Saturday 29 June 2013

Quick hands-on with Hadoop for Java Professionals

Apache Hadoop is a suite of components that are aimed at handling large scale data.The traditional n-tier architecture with RDBMS based data store doesnt scale as the data volume exceeds and in the range of peta bytes and this is the space where Hadoop comes into play. Hadoop is not a replacement for traditional architecture, but complements it in the high volume data space.

This series of post is aimed at giving a head start for Java professionals through some practical hands on exercises.

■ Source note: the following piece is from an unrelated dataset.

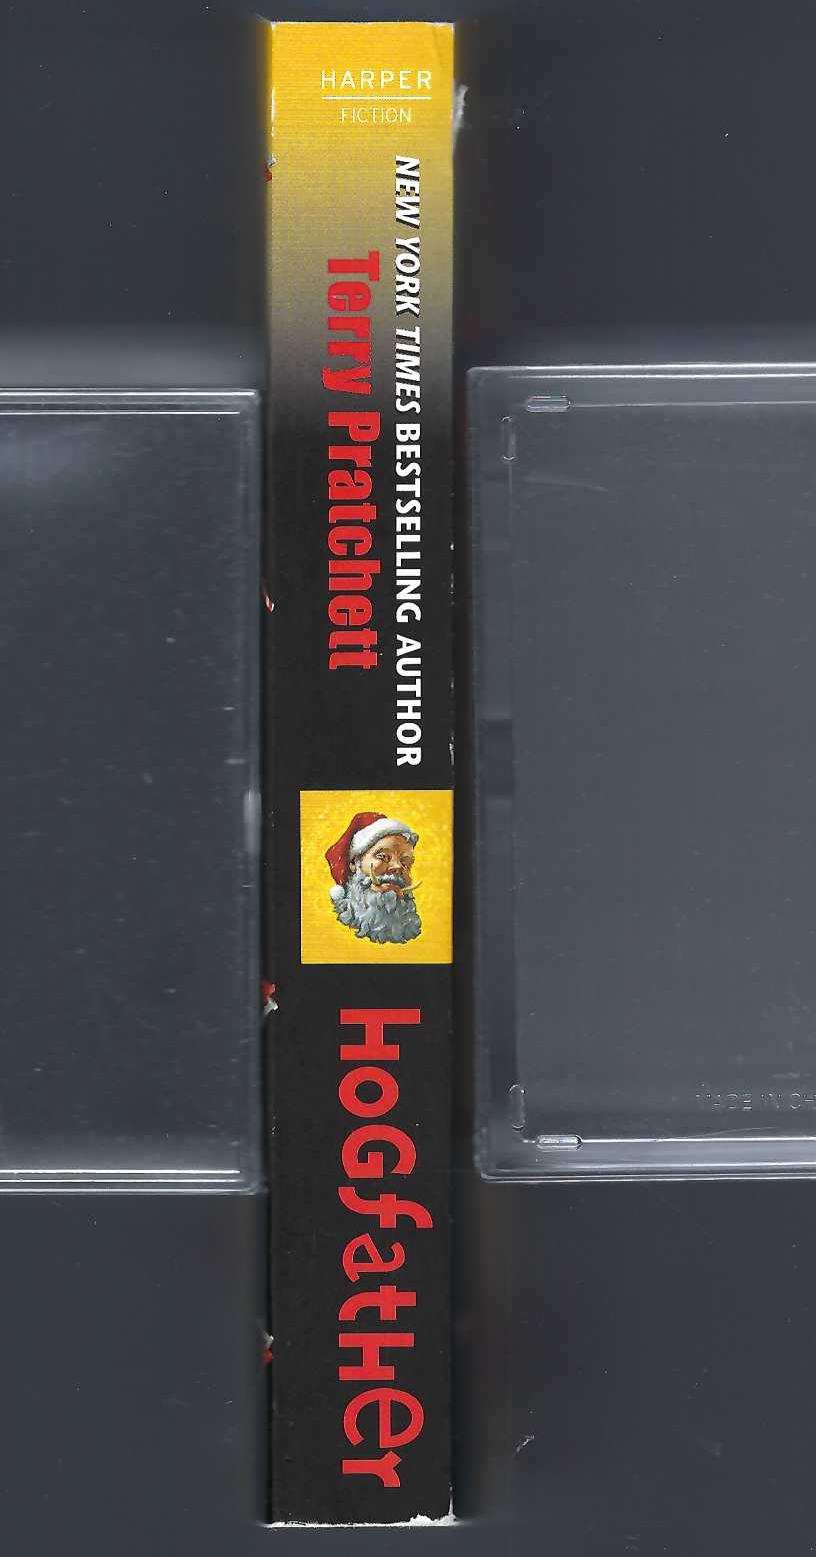 Hogfather, by Terry Pratchett spine

1. Download cygwin. http://cygwin.com/setup.exe
Make sure that you install the optional packages - SSH, Open SSH, python > 2.6

2. JDK - Install a java distribution which is > 1.6.

3. Hadoop core
hadoop.apache.org

4. Follow the instructions here to complete the rest of the setup
http://hadoop.apache.org/docs/stable/single_node_setup.html

5. You could try some examples that are inbuilt in the hadoop package. The equivalent of Hello world in Hadoop is the word count problem where the search for a key word is performed in given data set.

In next post, we will see more practical use case with Hadoop.

Common Issues faced while setting up Hadoop
Install all packages in folder without spaces. For e.g. if you have your JDK in c:/program files/java then you may face issues with the path.